- _GIVEN INFORMATION_
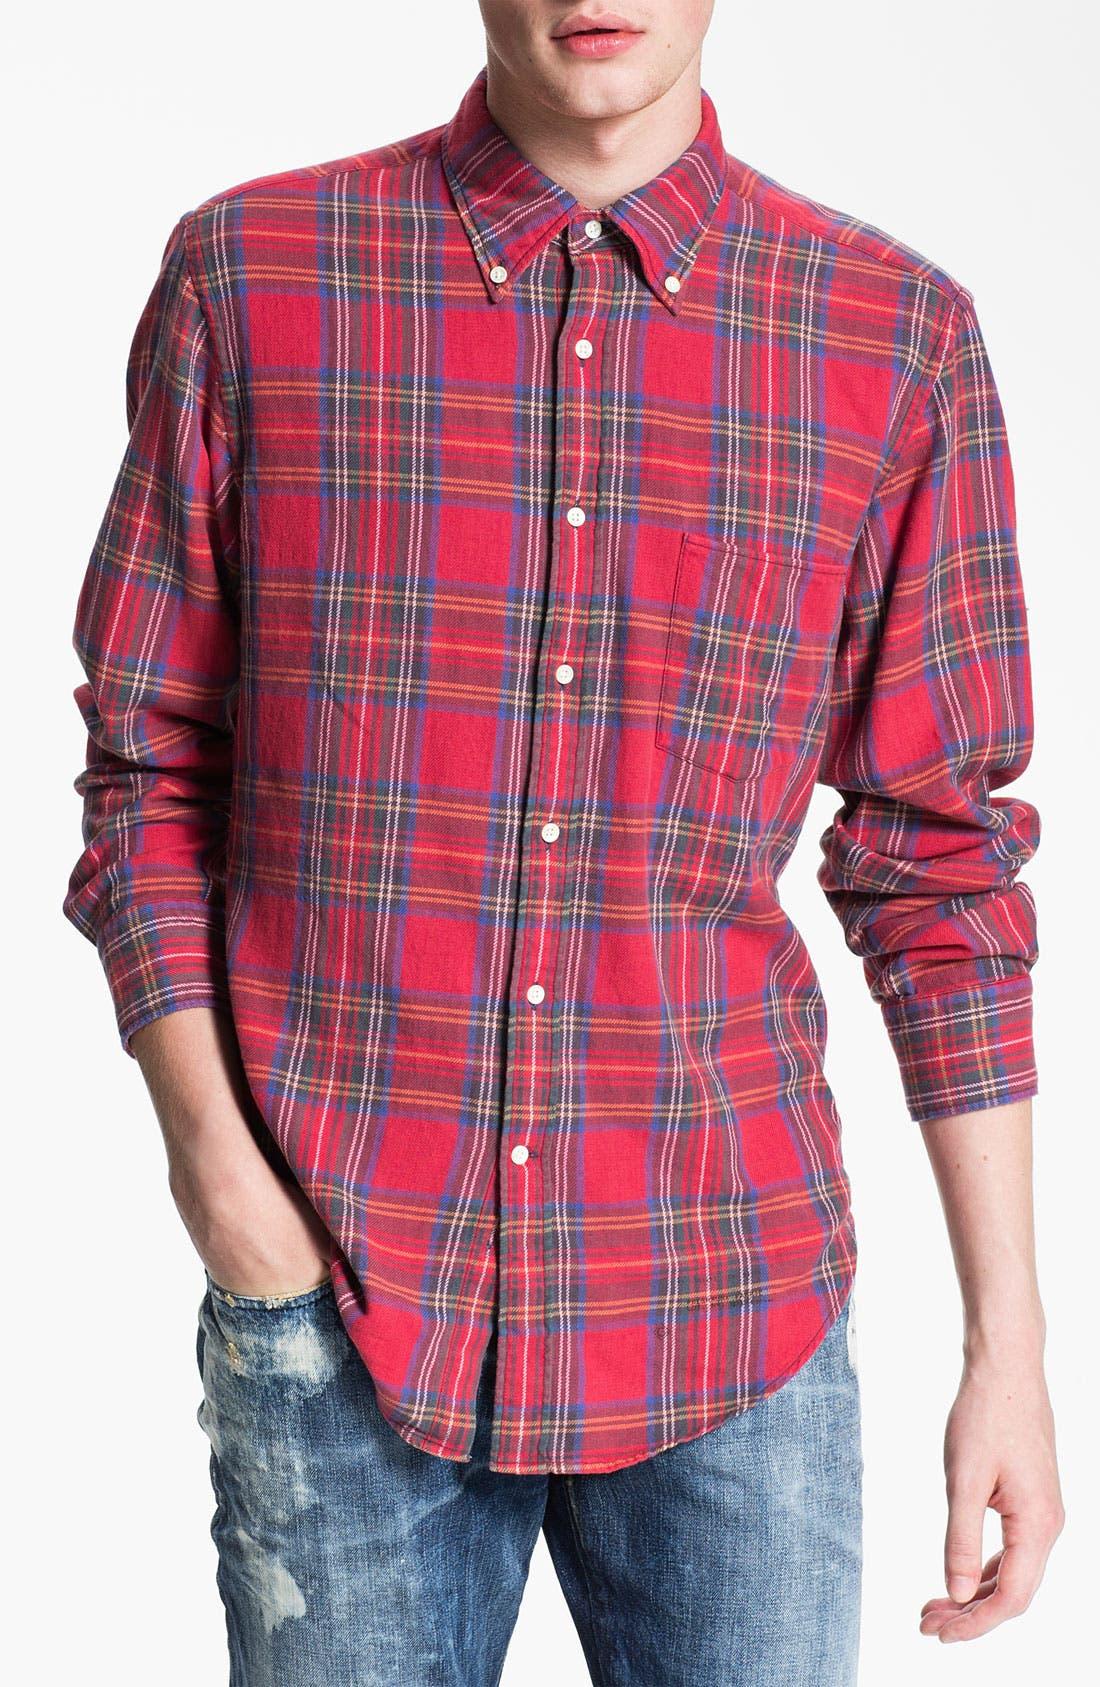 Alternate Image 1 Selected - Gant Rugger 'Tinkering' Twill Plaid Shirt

---

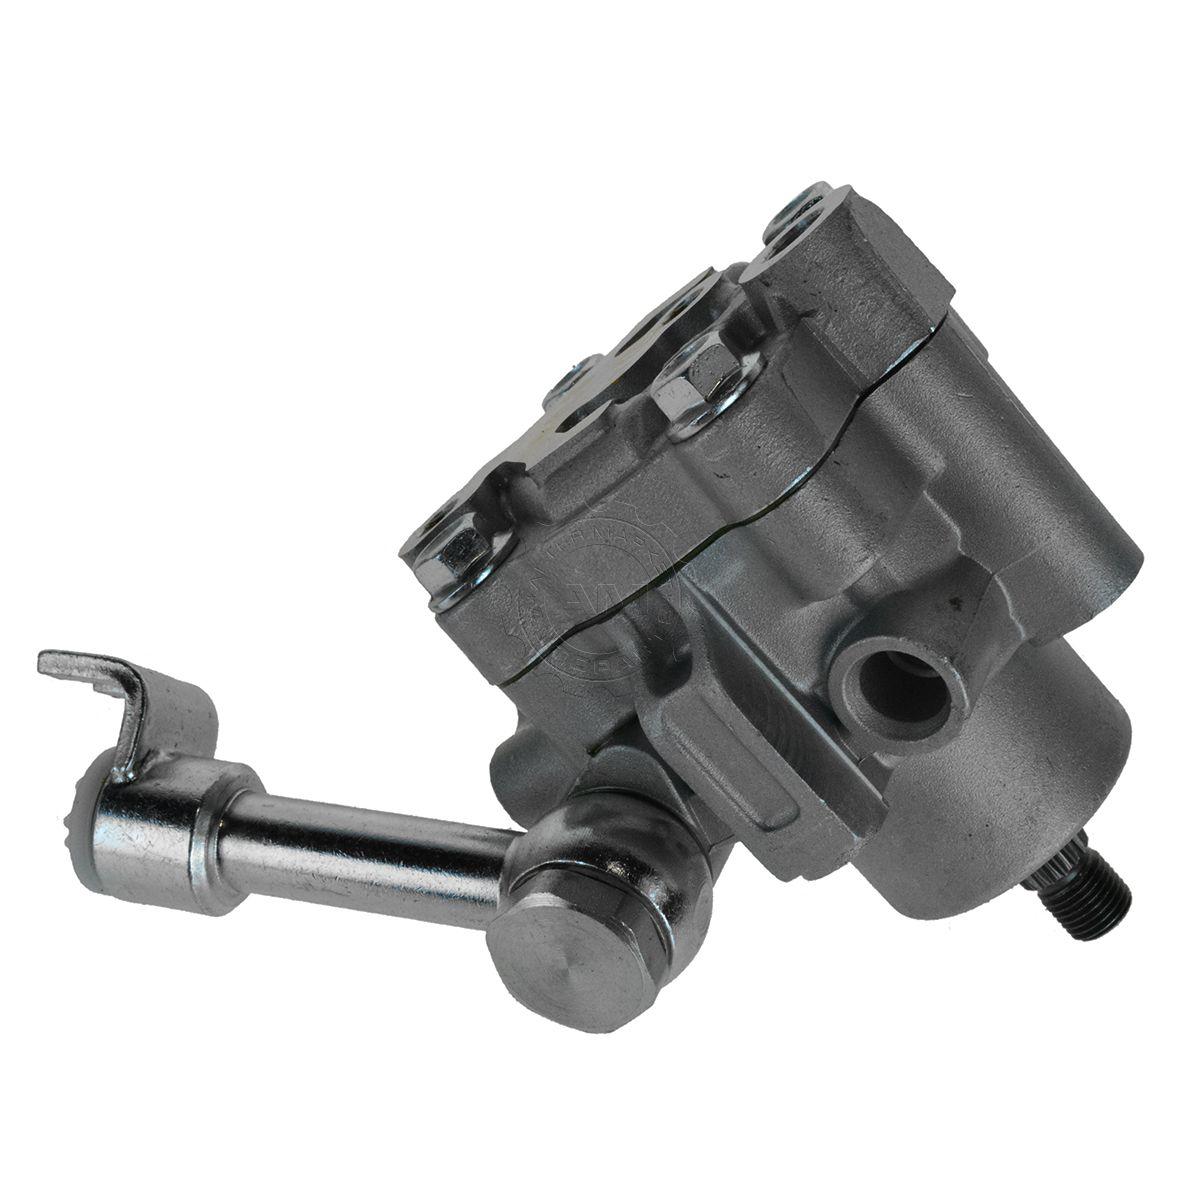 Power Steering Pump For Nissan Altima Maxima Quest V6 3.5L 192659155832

...

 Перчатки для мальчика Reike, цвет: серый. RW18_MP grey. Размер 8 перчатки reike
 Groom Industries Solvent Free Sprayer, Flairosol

- _TASK_
From the data above, return every line from the line that has "Перчатки для мальчика" up to and including the line that has "Groom Industries Solvent", exactly.

- _ANSWER TO THE EXERCISE_
 Перчатки для мальчика Reike, цвет: серый. RW18_MP grey. Размер 8 перчатки reike
 Groom Industries Solvent Free Sprayer, Flairosol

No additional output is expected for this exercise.